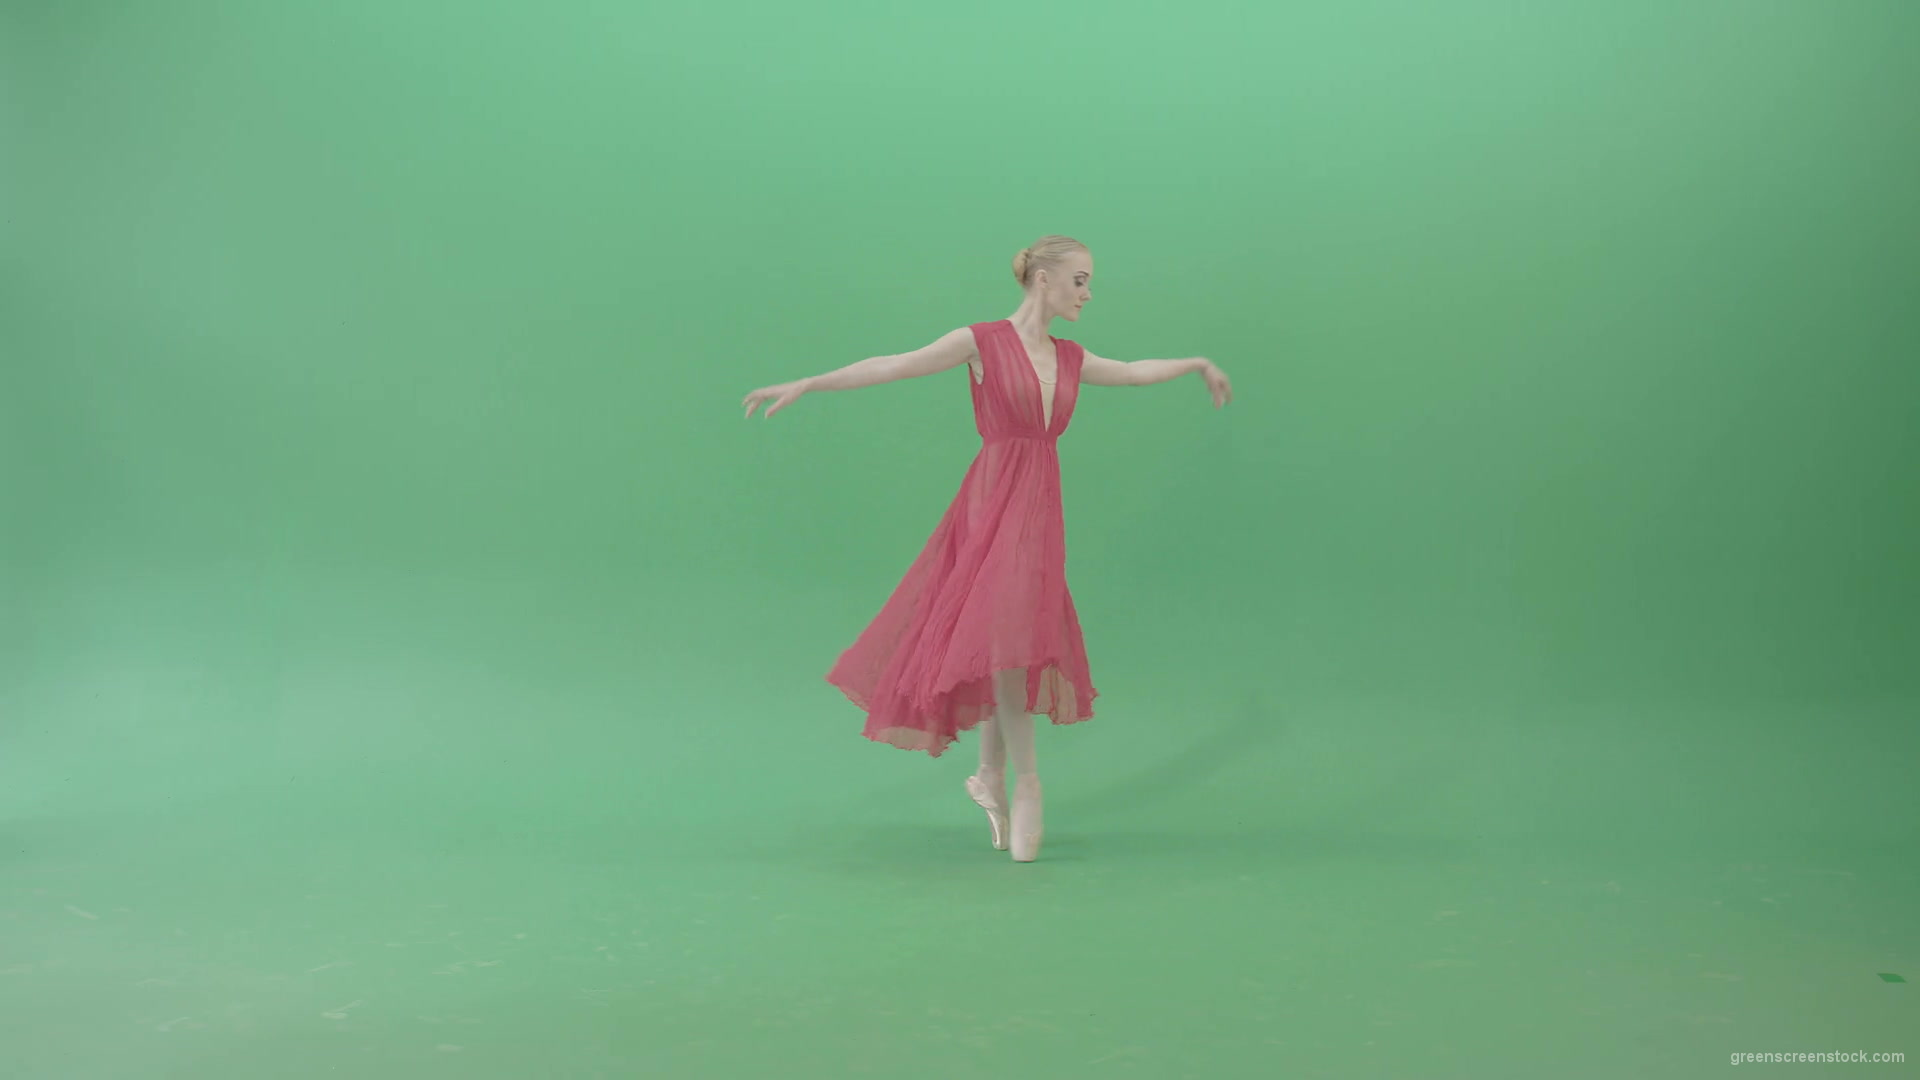 Light-Ballet-dancing-girl-in-red-wind-dress-spinning-on-green-screen-4K-Video-Footage-1920_007 Green Screen Stock
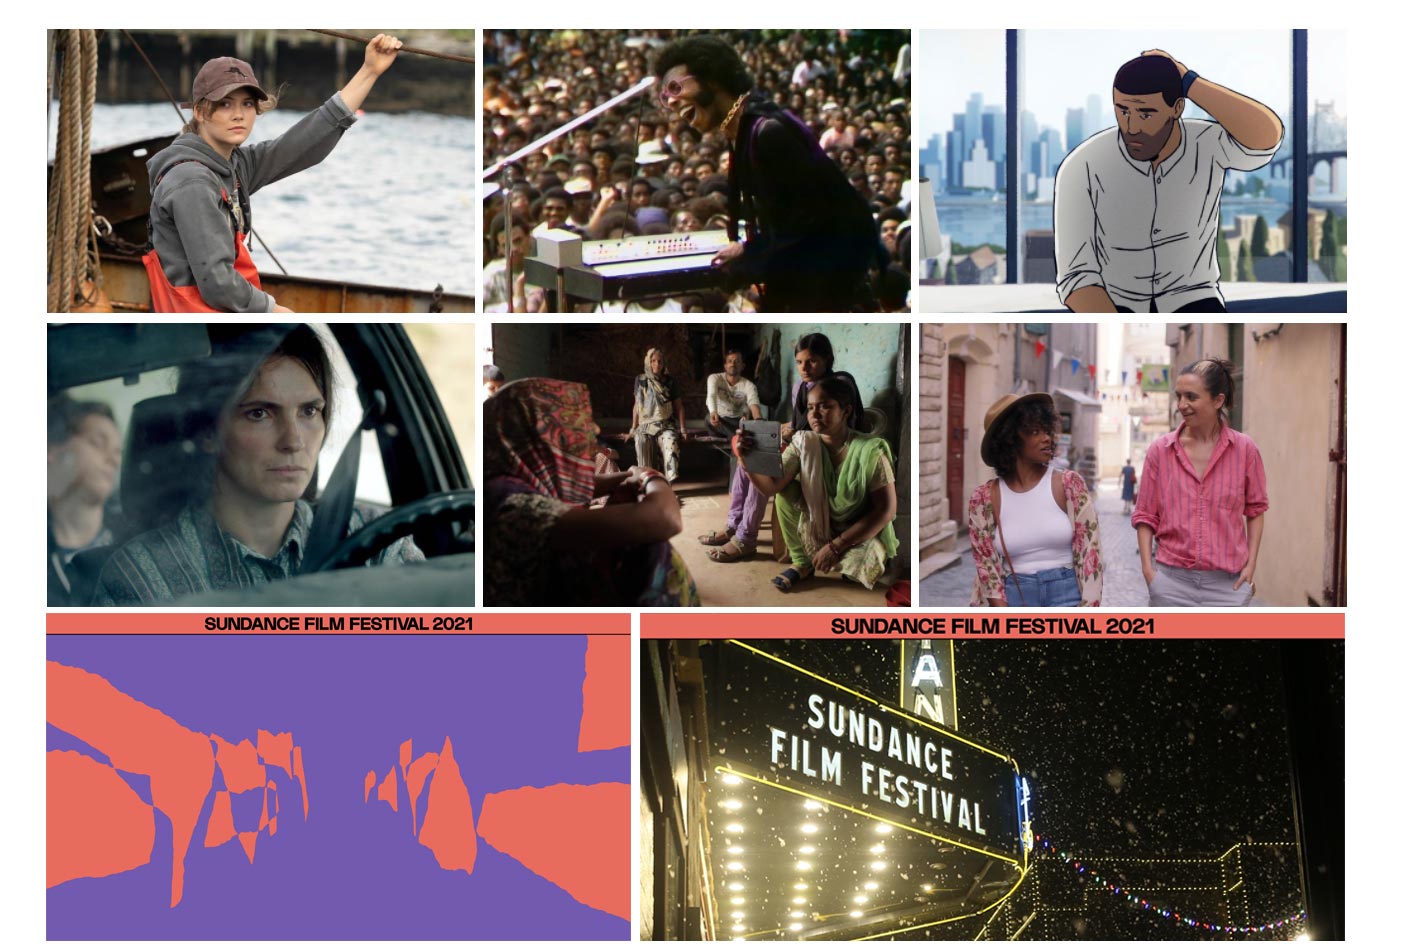 2021 Sundance Film Festival Awards announced
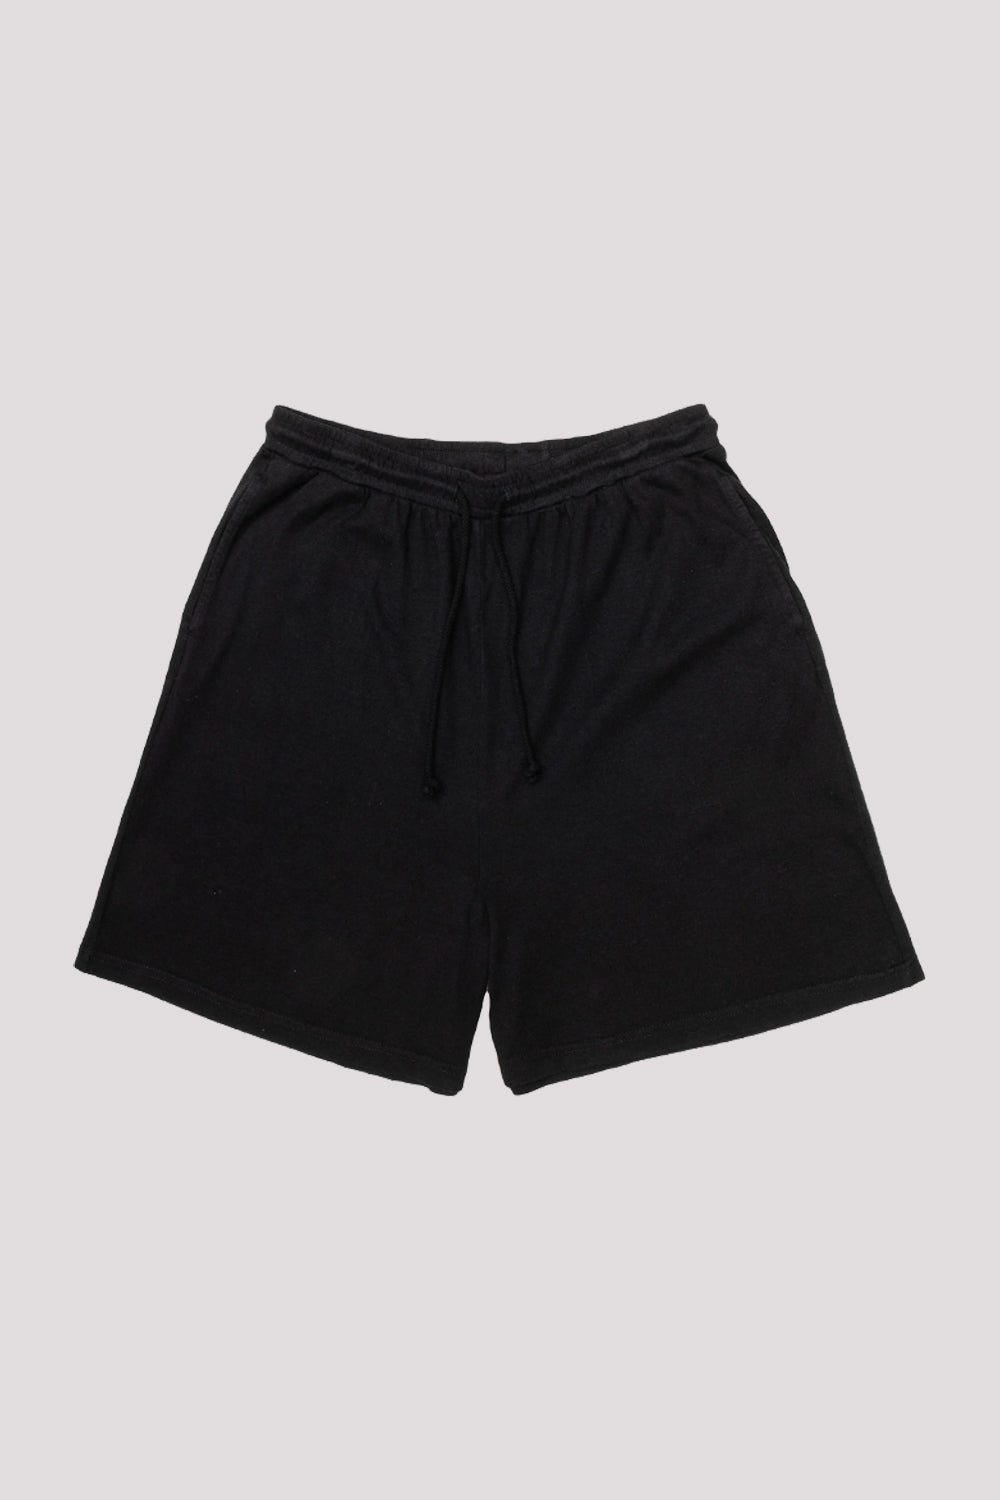 Tee Shorts | Black | Stock NZ | BUDDY HEMP GOODS NZ | Black Box Boutique Auckland | Womens Fashion NZ

--*--

_Work to be completed_
The reply must consist of the complete listing, reproduced exactly, with no images.

_Task output_
 Light-Ballet-dancing-girl-in-red-wind-dress-spinning-on-green-screen-4K-Video-Footage-1920_007 Green Screen Stock
 2021 Sundance Film Festival Awards announced
 Tee Shorts | Black | Stock NZ | BUDDY HEMP GOODS NZ | Black Box Boutique Auckland | Womens Fashion NZ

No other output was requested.